Light and Dark Experiment: Identification and Quantification of Proteins
The comparison of full and partial labeling quantification was performed on a simple highly perturbed biological system (plant grown in 24 h light versus dark) to evaluate the methodologies at the intact protein level. A reciprocal labeling scheme was used for both full and partial labeling approaches to control for label-specific effects due to either differences in isotope or reagent quality. Mascot database searches were performed, described under “Protein Identification,” prior to quantification as both techniques require defined molecular formulas for each peptide quantified. Relative abundance ratios (labeled over unlabeled) were derived as described above for each MS/MS event for two reciprocally labeled datasets for both full and partial labeling techniques (four datasets total). Using a combination of Mathematica scripts and Excel spreadsheet manipulation, the following data manipulation steps were accomplished. First, reverse database and keratin peptides were removed from each dataset, and the remaining peptide sequences were filtered to include only amino acid sequences unique to single protein species. Second, ratios with correlation coefficients less than 0.8 were excluded from the analysis, and values outside of the apparent linear range of the technique were sorted into bins at each extreme and designated greater than 10-fold and less than 0.1-fold. Then the ratio measurements for each dataset were normalized to the median of the remaining ratios in each dataset to correct for deviations from normal (1.0) in the labeled to unlabeled plant material mixing ratio. The peptide ratios were then combined by calculating the mean value for all of the filtered and normalized peptide ratio measurements for each protein species. Positive identification of proteins from extracts of plants grown with and without illumination required a minimum of two unique peptide sequences with acceptable Mascot scores as discussed above (using a 1% false positive rate score cutoff for each charge state via decoy database strategy).
RESULTS AND DISCUSSION
Determination of Optimal 15N Incorporation for Partial Metabolic Labeling—
For partial metabolic labeling to be used as a quantitative technique, the isotopic envelopes of the labeled peptides must be sufficiently distinct from their unlabeled counterparts that when combined their relative contributions to the resulting composite envelope may be readily distinguished. Yet the perturbation in isotopic envelope shape must be subtle enough that existing data-dependent MS/MS acquisition and peptide identification software may still be used. Thus for optimal performance, one must select conditions for isotopic enrichment that will provide sufficiently distinct envelope shapes between labeled and unlabeled peptides while not interfering significantly with peptide sequencing and identification.

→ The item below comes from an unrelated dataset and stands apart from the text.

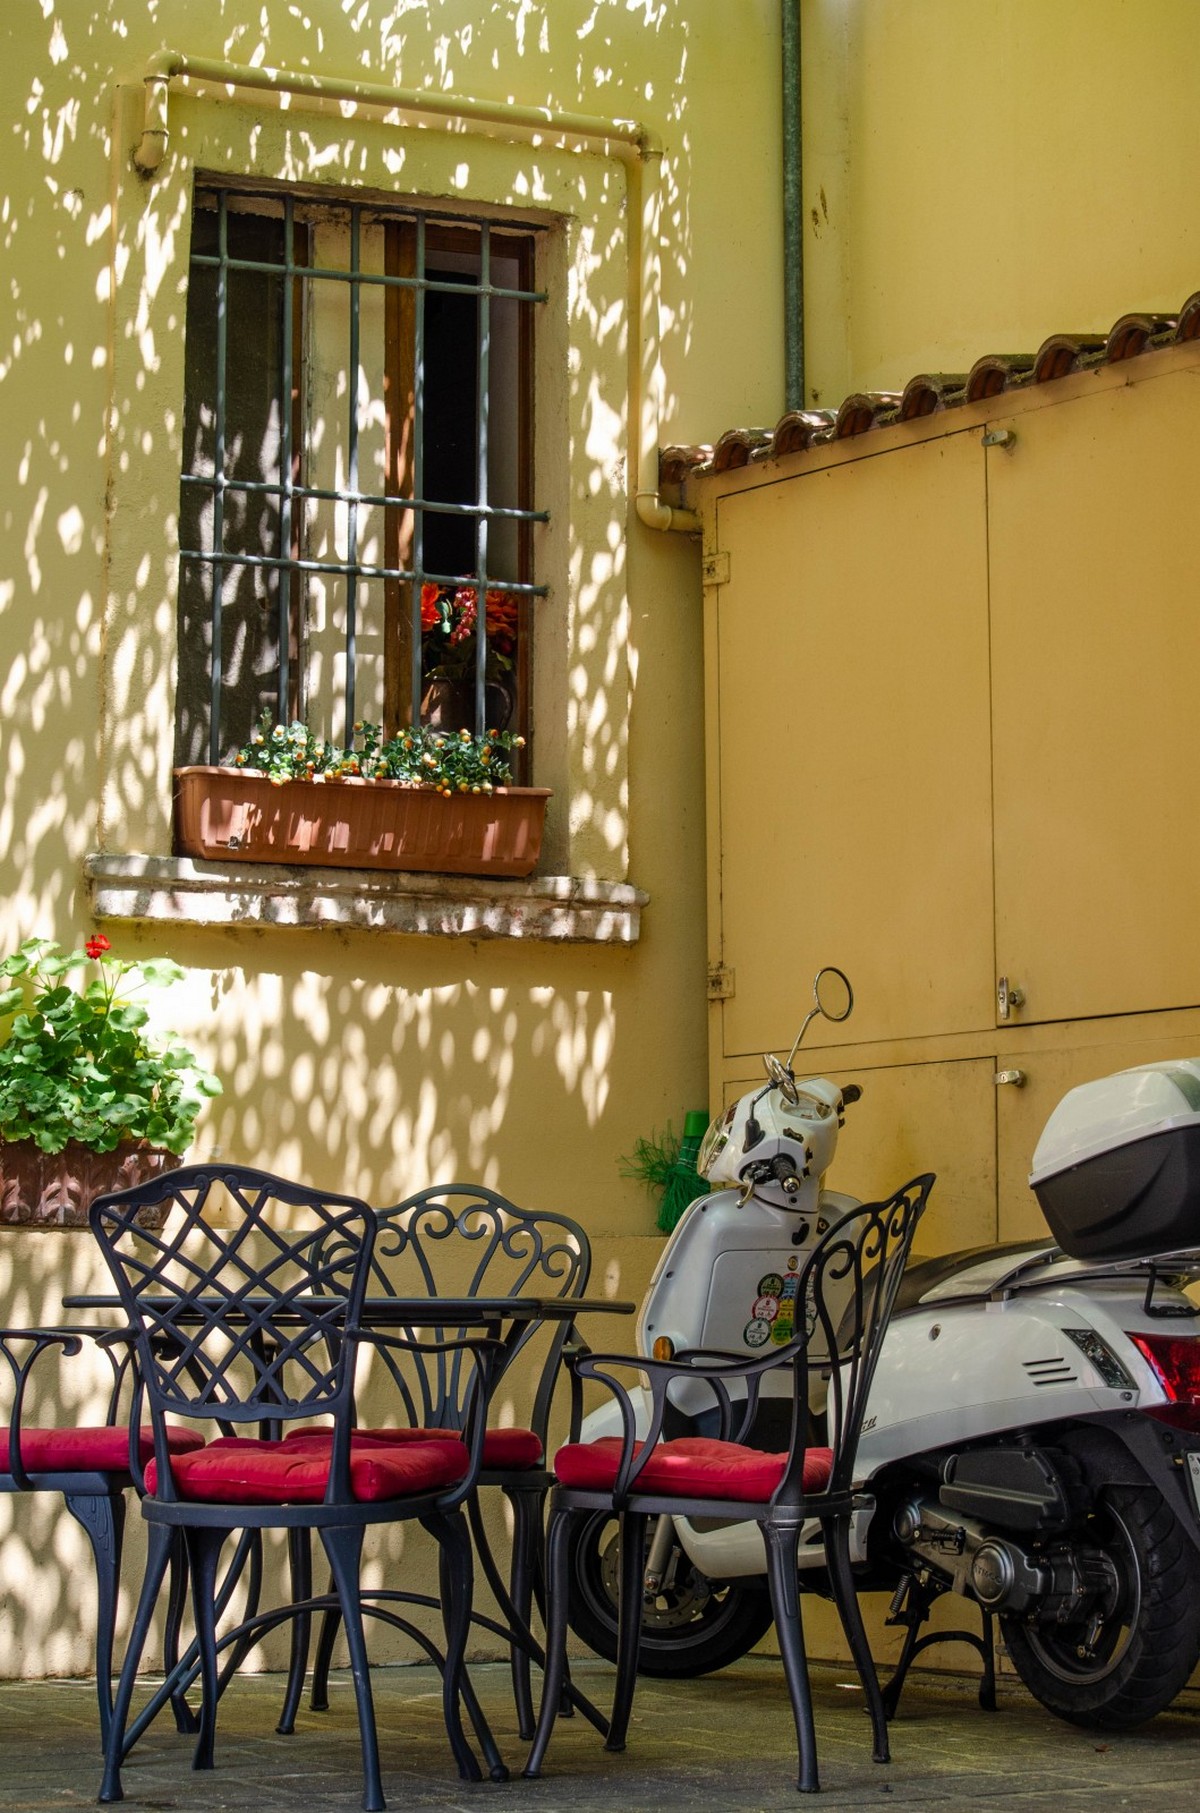 Просто кайфуй: Сирмионе — город, который учит наслаждаться жизнью Италия,Сирмионе,тревел-фото

) suggested that raising the 13C incorporation to around 0.75–1.5% above natural abundance would be useful for relative quantification of tryptic peptides based on subtle differences in envelope shape. However, controlled metabolic labeling of intact plants such as Arabidopsis with 13C may be problematic given their ability to obtain carbon from the air. Furthermore having demonstrated an easy and efficient approach for complete 15N labeling of Arabidopsis, we opted to apply the concept to 15N labeling instead. The extent to which a given change in isotopic enrichment alters the envelope shape for a peptide depends on how many atoms of that element it contains. Because nitrogen is less abundant in peptides than carbon, a larger change in isotopic enrichment is required to achieve a similar modification of envelope shape. Our working assumption is that the optimal 15N incorporation for quantification by partial metabolic labeling will be that incorporation at which the height of the M + 1 ion is greatest. At this incorporation, labeled and unlabeled forms of each peptide should have distinctly different isotope envelope shapes, yet both labeled and unlabeled forms should be compatible with existing peak extraction and peptide sequencing software. Using calculus we can then calculate exactly what this incorporation should be.
The height of the M + 1 peak in an isotopic distribution depends predominantly on the numbers of carbons and nitrogens in a peptide. Because the 13C contribution will be fixed in our labeling regime, we need only consider the nitrogen contribution to the second isotope resulting from presence of a single 15N, which can be described by Equation 1 in terms of the total number of nitrogens in the peptide (N) and the 15N incorporation (I), derived from the binomial distribution.
To find the 15N incorporation that maximizes this function, we take the derivative of the expression with respect to 15N incorporation (Equation 2). Then we set the derivative equal to 0 and solve for I (Equation 3).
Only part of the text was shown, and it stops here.